→ **TASK INSTRUCTIONS**: Leaving out the pictures, please reproduce exactly and only the lines from the one that contains "Яйцо в христианстве" through the last line below.

→ **SUPPLIED MATERIAL**:
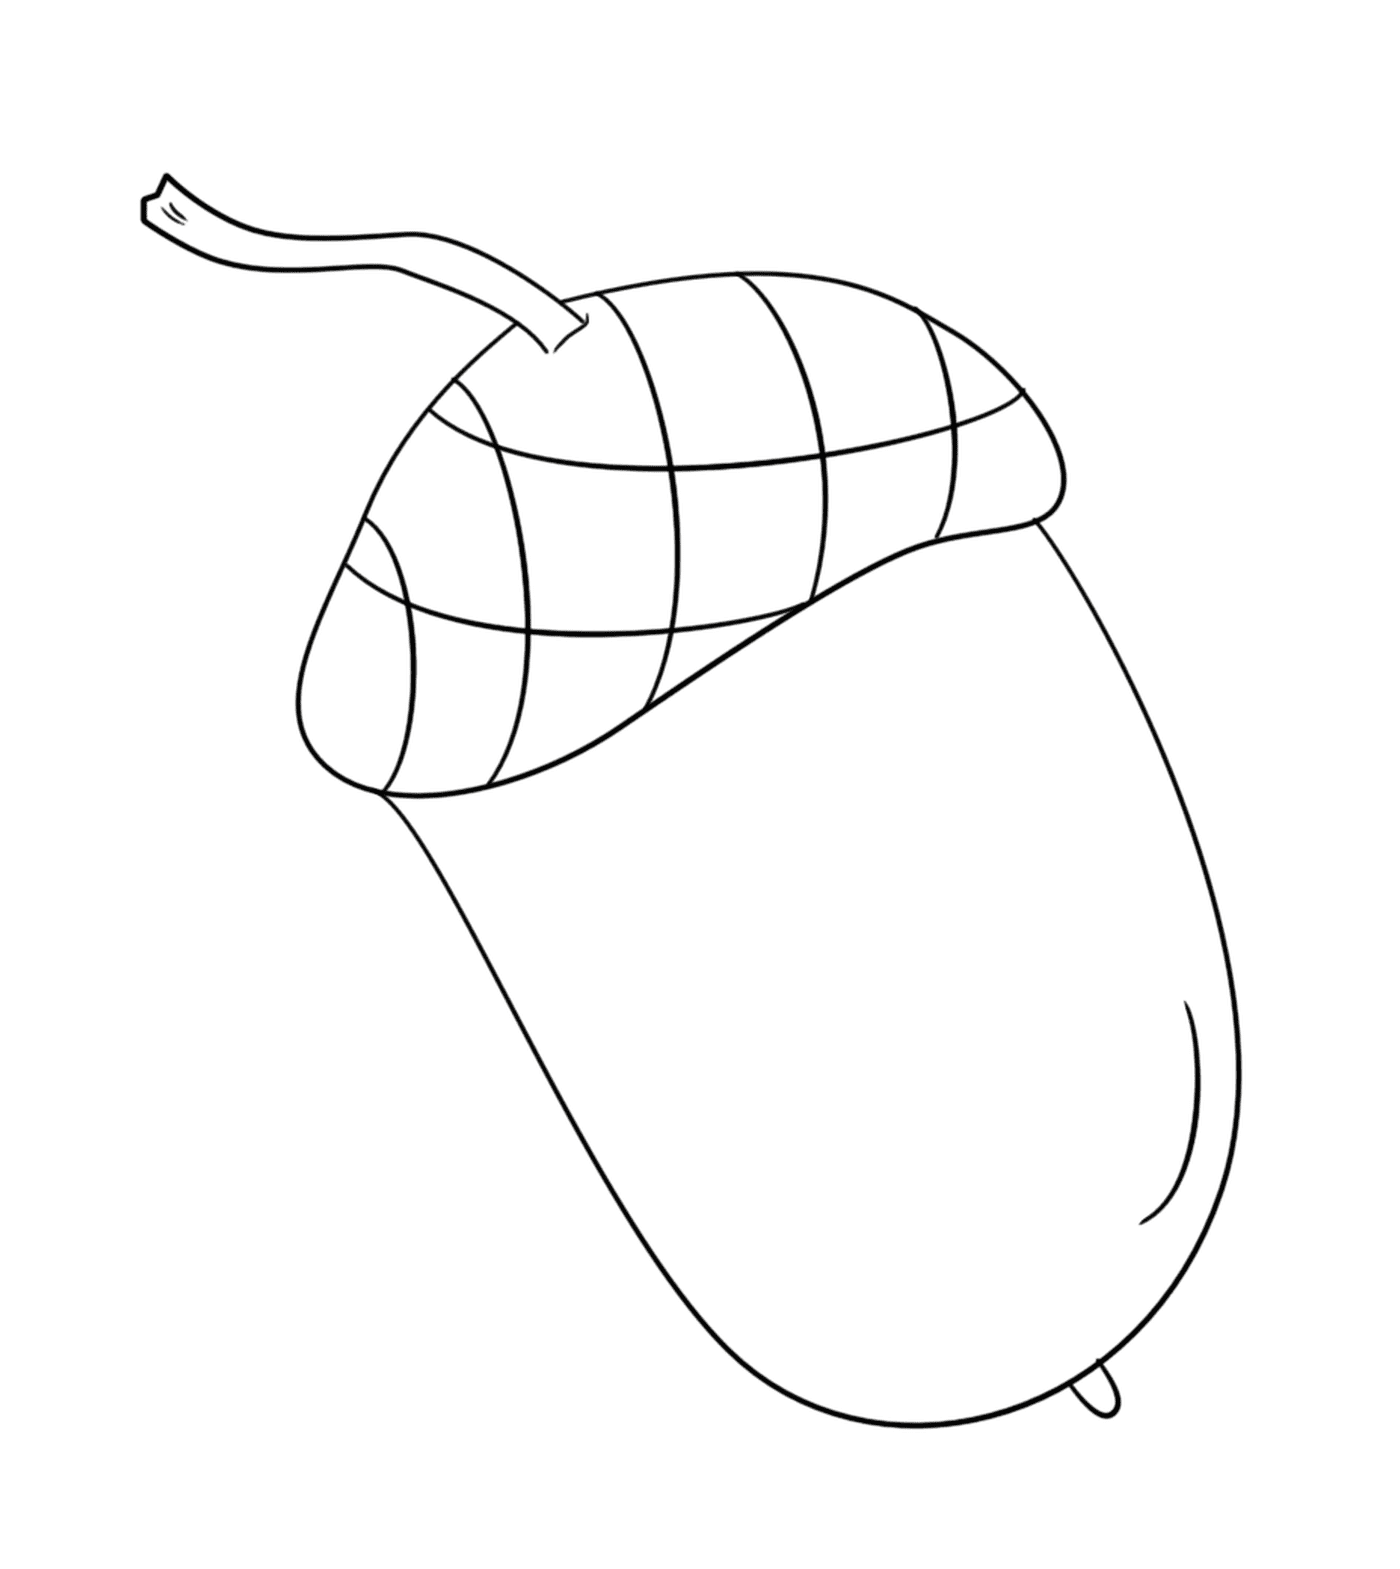  Un glande sobre un fondo blanco 
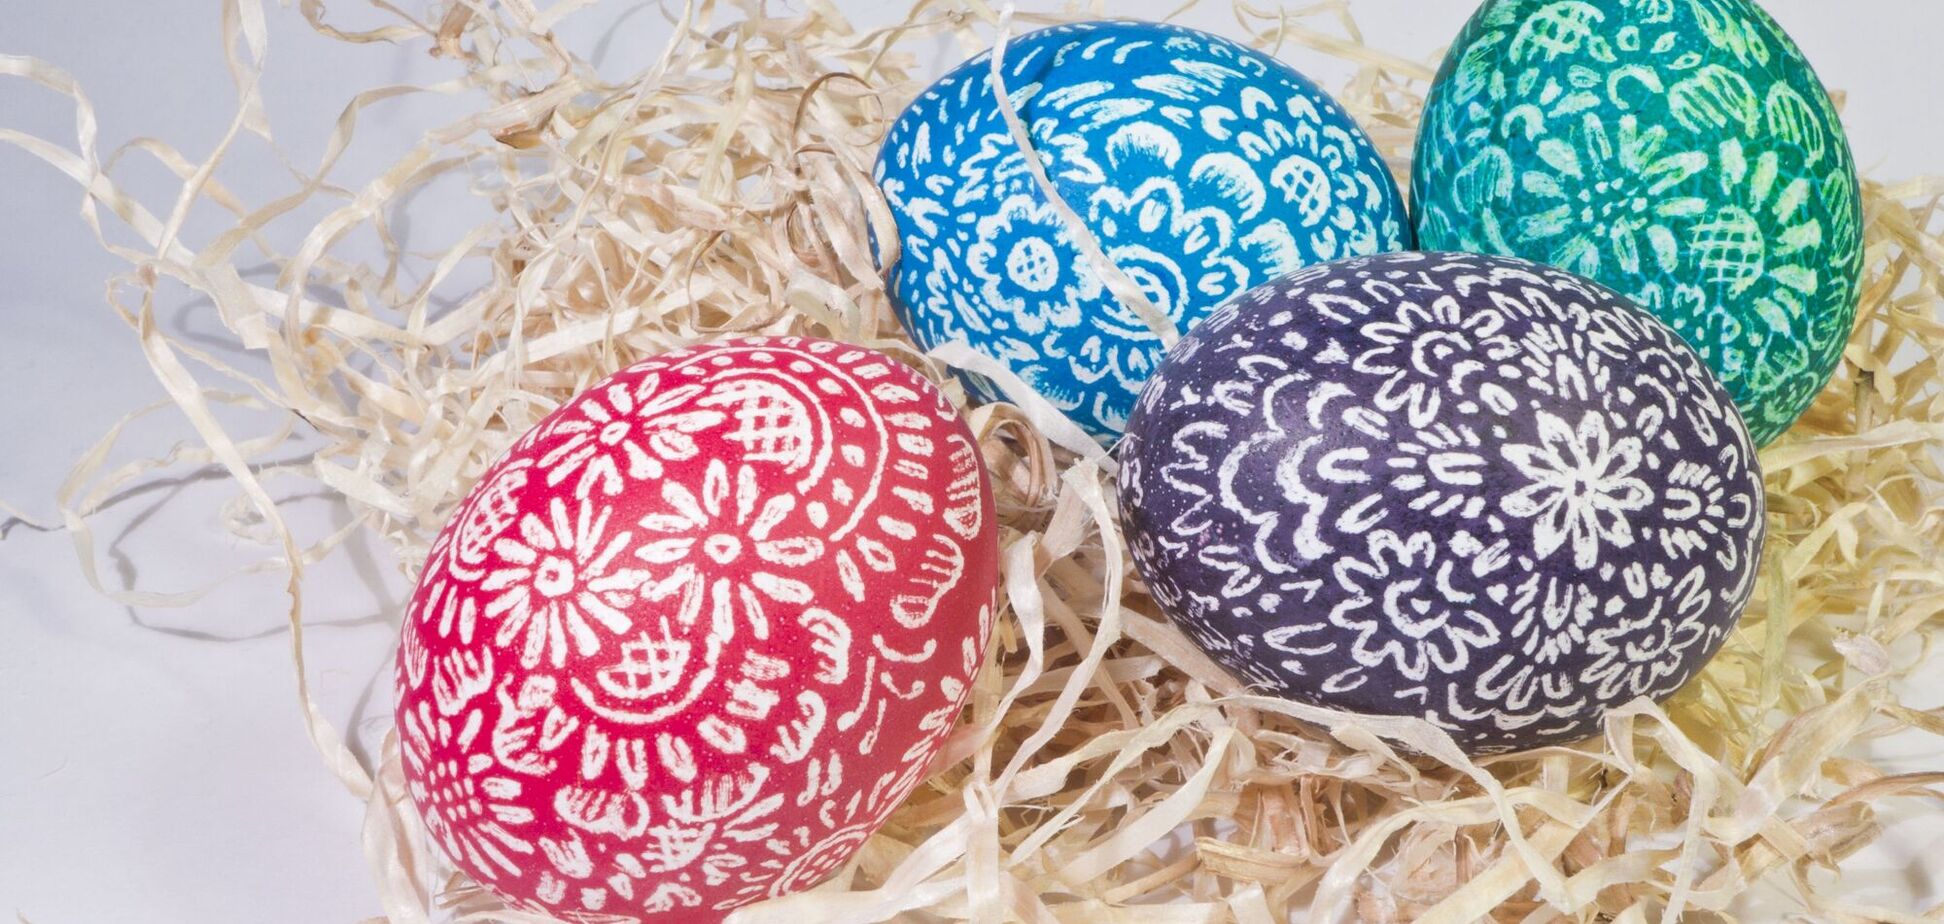 Яйцо в христианстве олицетворяет символ гроба и воскресения
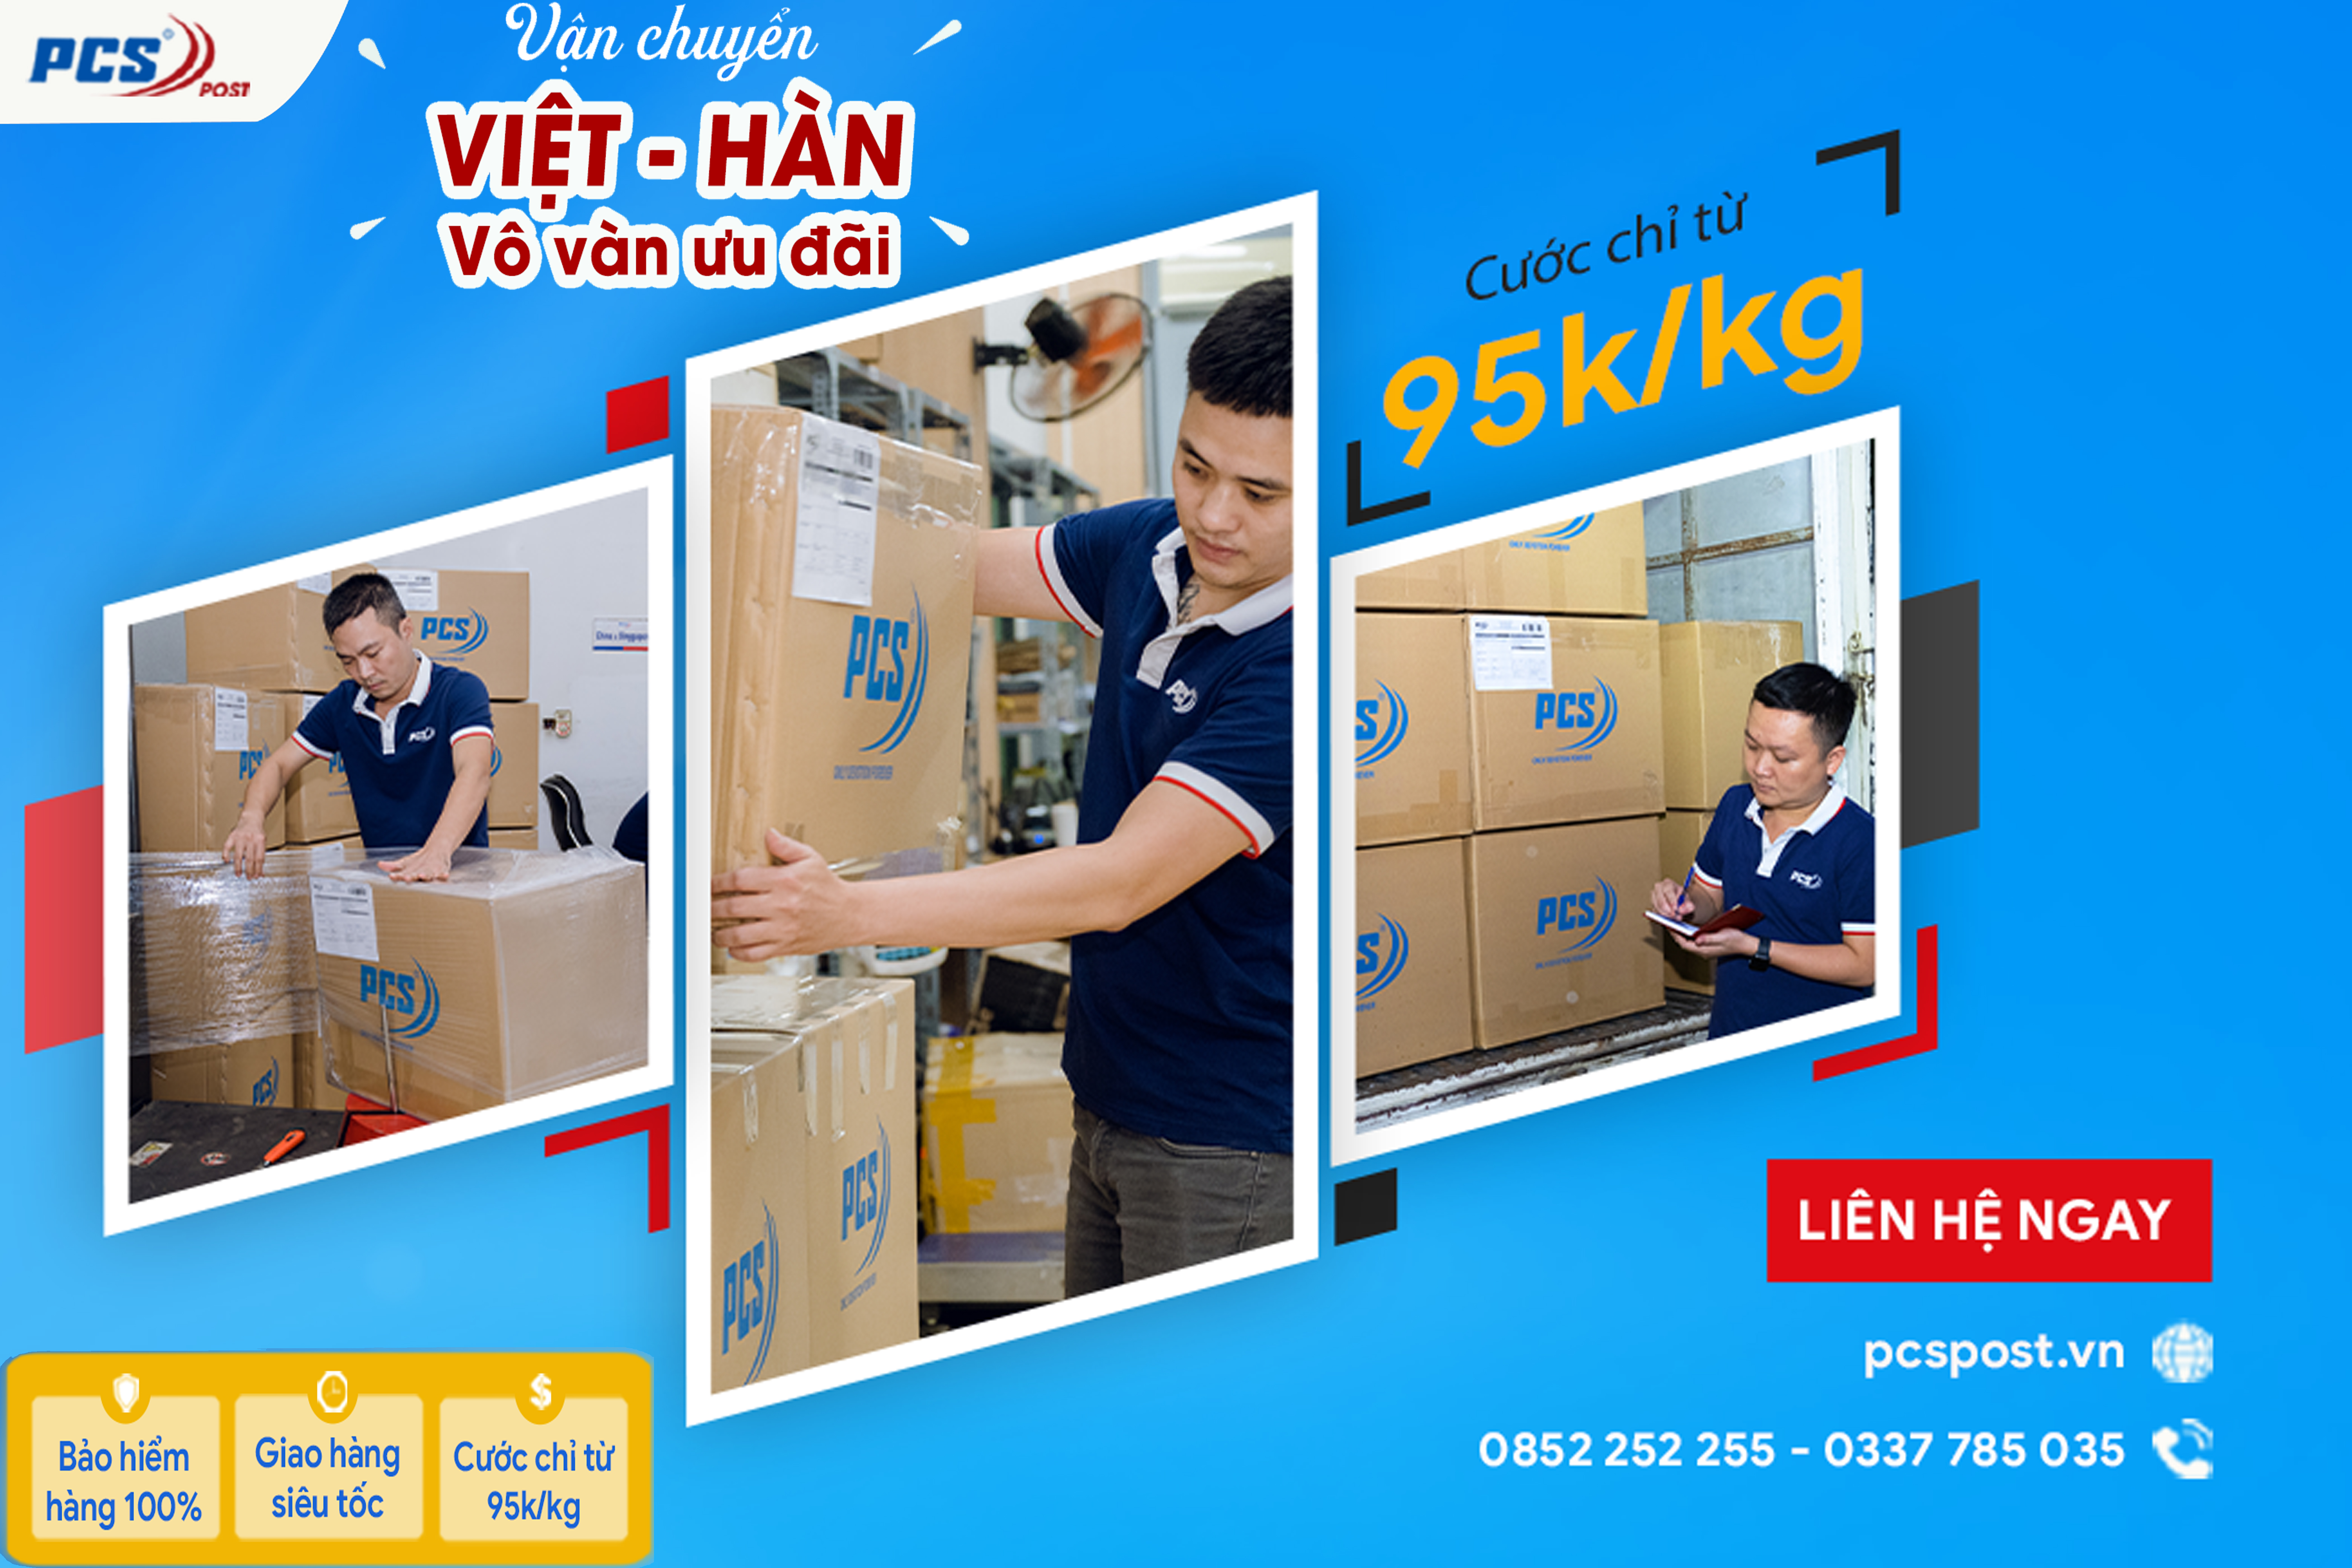 Tận hưởng dịch vụ vận chuyển Việt Hàn tại PCS Post cước chỉ từ 95k

→ **RESULT OF THE TASK**:
 Яйцо в христианстве олицетворяет символ гроба и воскресения
 Tận hưởng dịch vụ vận chuyển Việt Hàn tại PCS Post cước chỉ từ 95k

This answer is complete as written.